Явились дочь, зять, о чем-то спрашивали, и она отвечала, не касаясь главного, и, решив про себя, что никому ничего не расскажет, а завтра, чуть свет обежит, объездит все места, все закоулки города и найдет работу новую, взамен потерянной, и никто ничего не узнает.
Больше всего ей не хотелось встречаться с сыном и, может быть, впервые она раньше обычного, ушла к себе в комнату, где разобрала постель и улеглась, отвернувшись к стене – омертвевшая и безучастная ко всему.
И придвинулось утро, за ним другое, третье, десятое и всюду натыкалась она на глаза холодные, на голоса чужие, на лица, похожие на маски, какие бывают на надгробных памятниках.
И начало казаться, что и сам город будто вымер, и машины по улицам движутся как бы сами по себе, а в автобусах просто обряженные в одежды механические куклы.
И в ней самой что-то начинало ломаться, портиться, стираться и пролилось однажды скупыми слезами из почти сухих глаз, когда человека бережно берут под руки и ведут куда-нибудь к дивану, где усаживают, подают стакан воды.
– Ой, Людочка, а меня сократили, – призналась она обнявшей ее за плечи дочери.
– Успокойся, мы уже знаем.
– Откуда? – встрепенулась мать.
– Тетю Машу видела, она и сказала.
– Да просила ж я ничего вам не говорить.
– Мы бы и так догадались: приходишь вечером – лица на тебе нет.
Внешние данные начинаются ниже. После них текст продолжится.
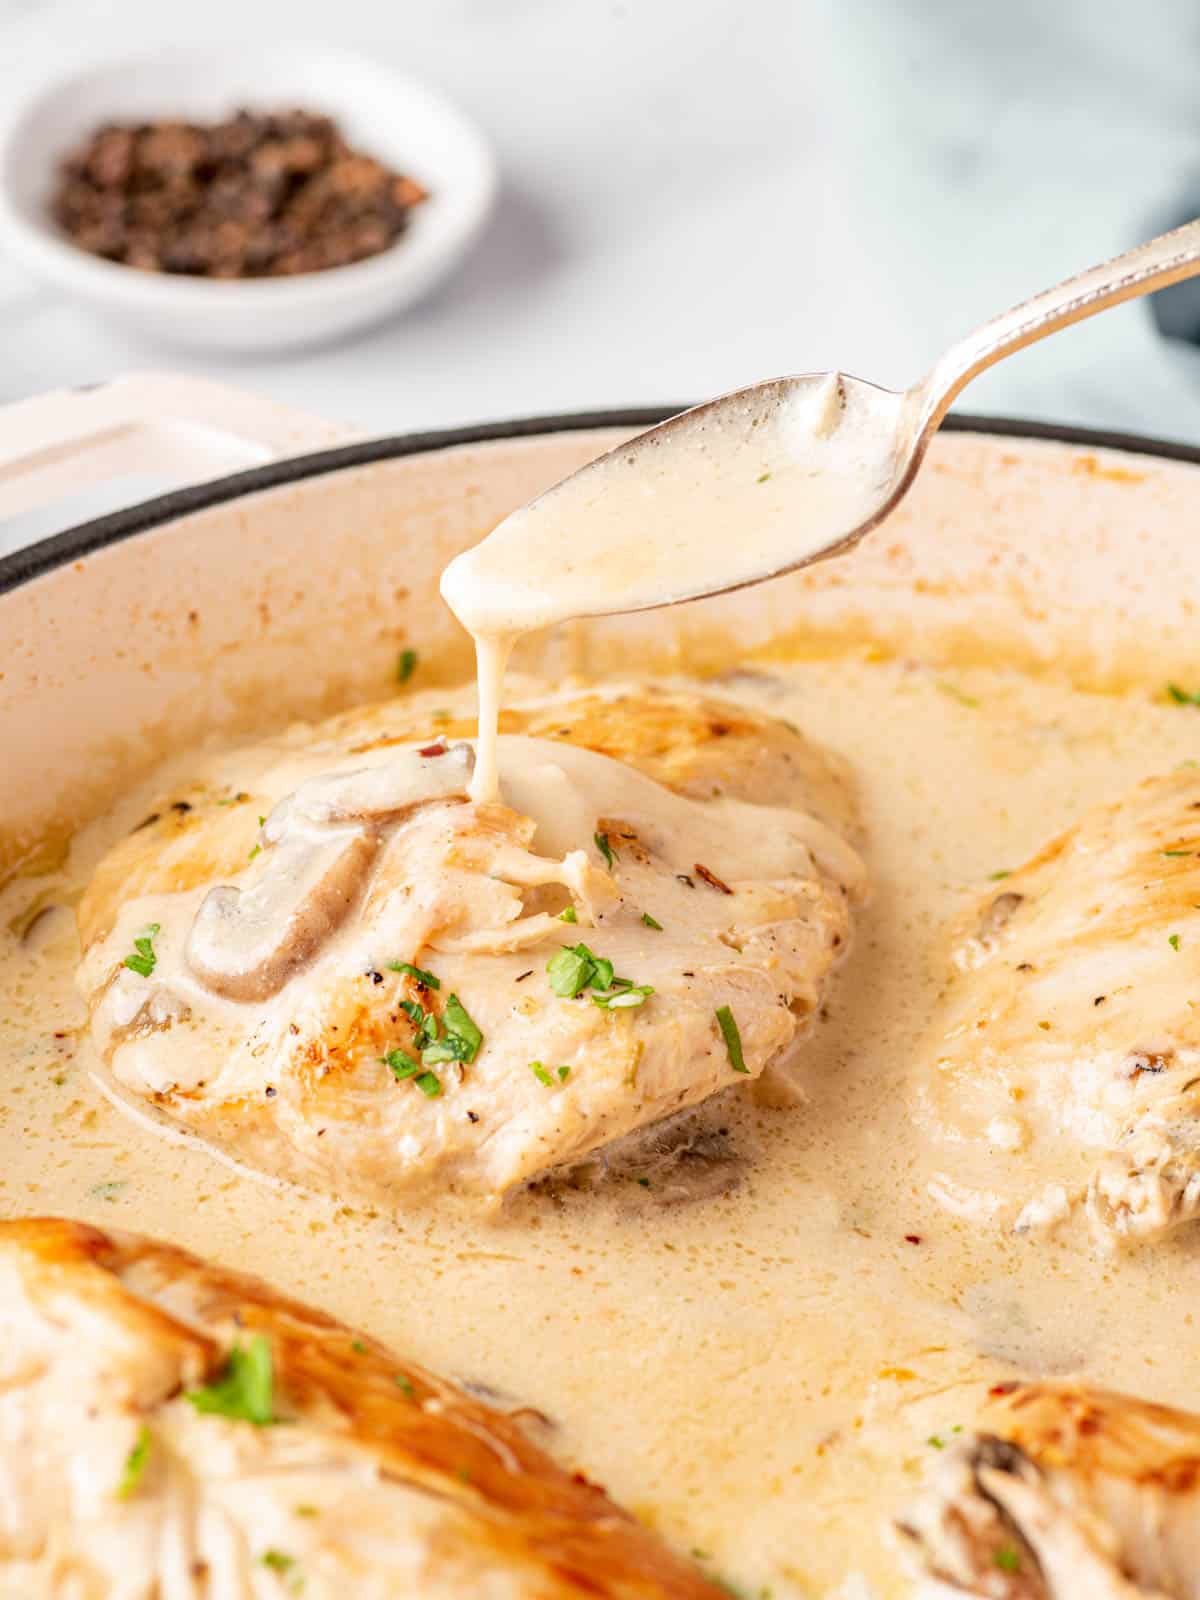 Creamy sauce is dripping off a spoon and onto stuffed chicken breast in a skillet.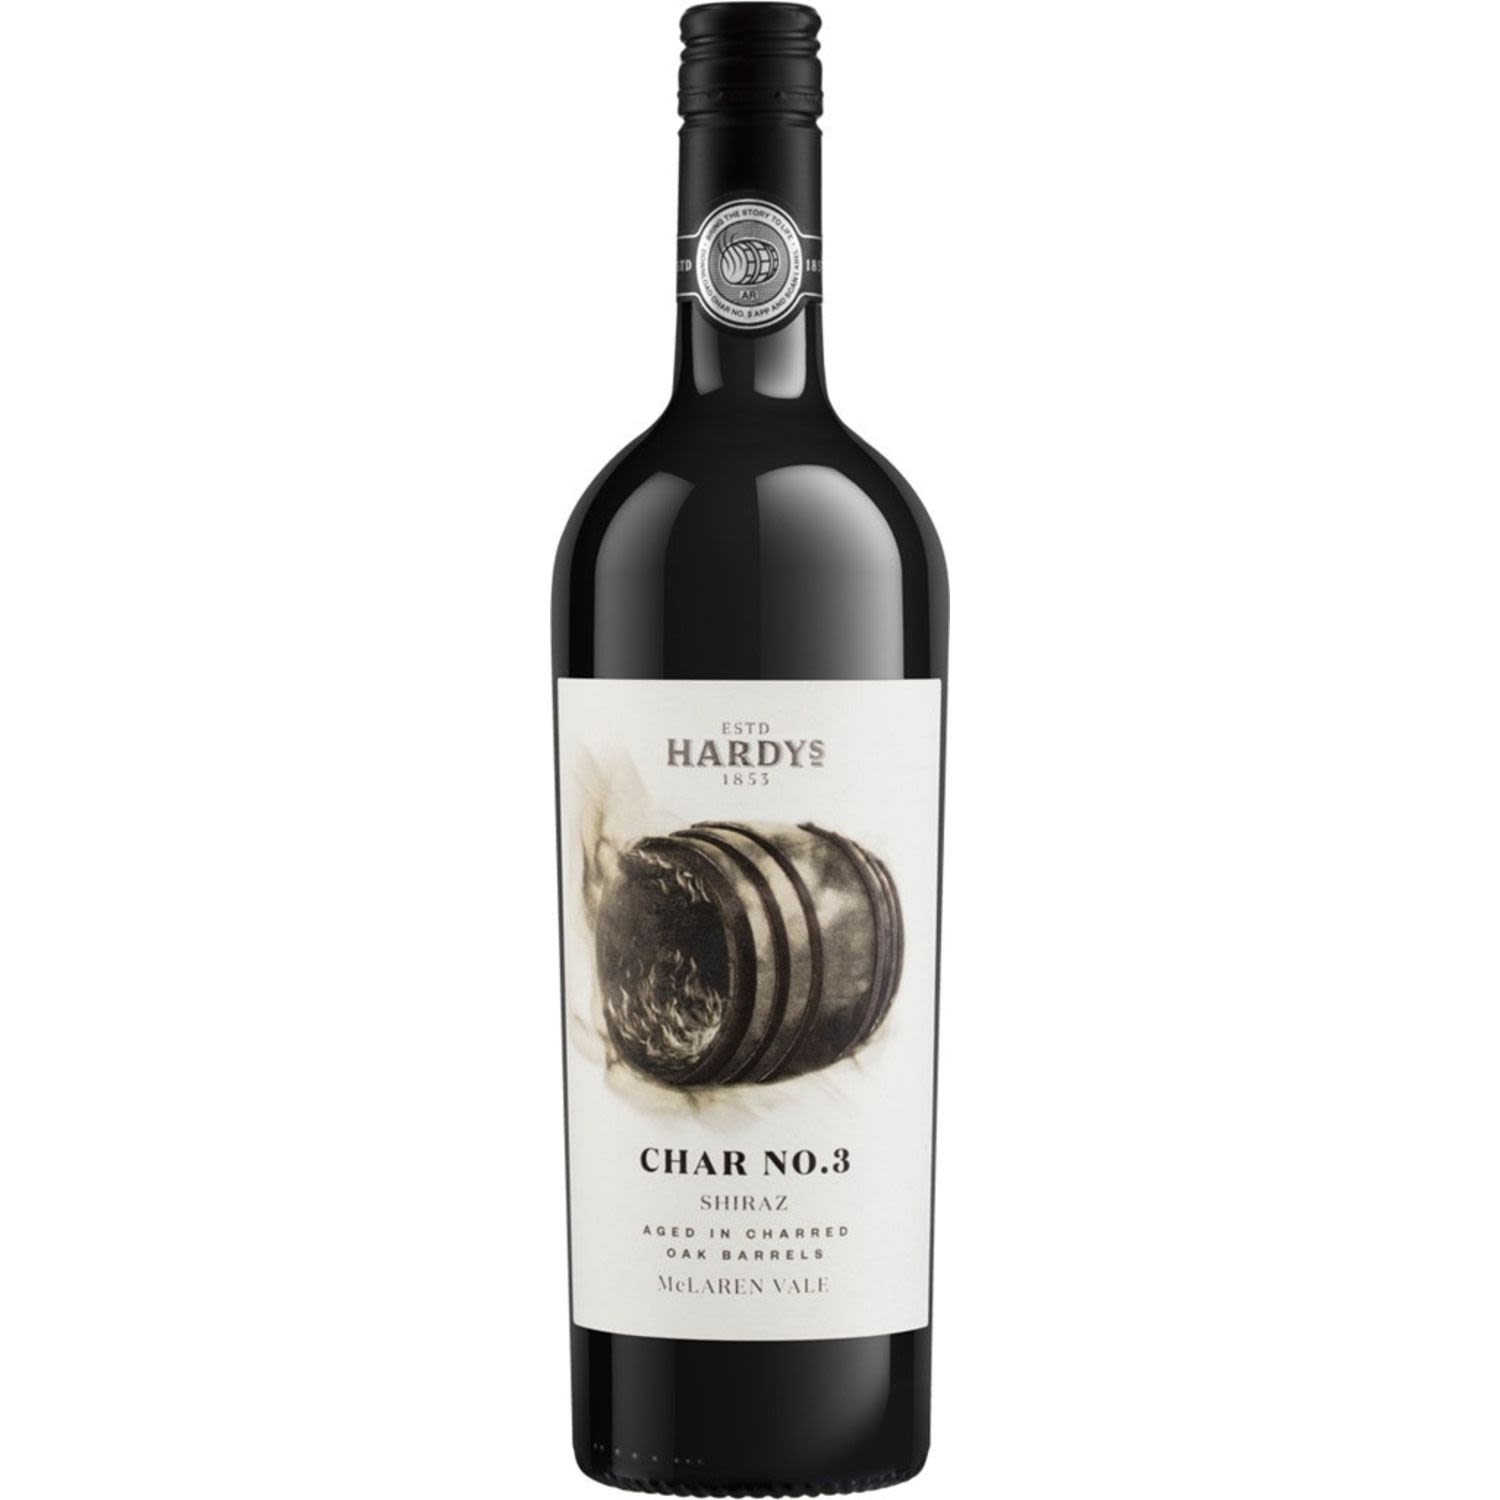 Sourced from a variety of McLaren Vale vineyards, including Upper Tintara, Blewitt Springs, Maslins Beach, Sellicks foothills and McLaren Flat. CHAR NO.3 Shiraz is bursting with bright and fresh dark berry fruit, it has great depth of flavour and a long and smooth finish.<br /> <br />Alcohol Volume: 14.50%<br /><br />Pack Format: Bottle<br /><br />Standard Drinks: 8.6</br /><br />Pack Type: Bottle<br /><br />Country of Origin: Australia<br /><br />Region: McLaren Vale<br /><br />Vintage: Vintages Vary<br />

Я уж и не знала, как к тебе подступиться…
– И Серьга знает? – встревожилась вдруг.
– Ты о себе подумай, о нас подумай, о внучке, – не сдержалась дочь. – Посмотри на себя в зеркало: тебе только сорок, а выглядишь шестидесятилетней старухой. А ему-то что…
– Нельзя так, Люда, – остановила ее мать. – Он брат тебе, а мне – сын. В беде он, помогать надо друг другу.
– Деньги да жилы тянуть каждый день. Вот я напишу бабушке, пусть приедет, посмотрит на внука, – не уступала дочь. – Что ни делали – все как в прорву. И по-доброму, и по-худому…
– Вот потому я и ищу работу, – еще тверже произнесла мать. – Не на твоей же шее сидеть. У тебя семья, свои заботы. А я как-нибудь сама с ним, может, одумается…
– Одумается, как же…
Подобно воде проскользнул сын между пальцами. Подобно ветру прошелестел листьями. Подобно земле лег под асфальт большого города. И нельзя, невозможно собрать по каплям. И нельзя, невозможно быть быстрее ветра, чтобы опередить и не пустить туда, откуда не возвращаются. И нельзя, невозможно вызволить из-под тяжелых железных катков, обряженной насильственно в камень живородящей земли, из коей не произрасти ни злаку, ни горькой полыни.
И она, мать, неведомо в кого верующая и незнамо кого призывающая себе в помощь, одна-одинешенька со своей бедой-немощью ввалившейся в самую середину ее сердца трепетного то ли в день хмурый декабрьский, то ли в ночь темную, безлунную.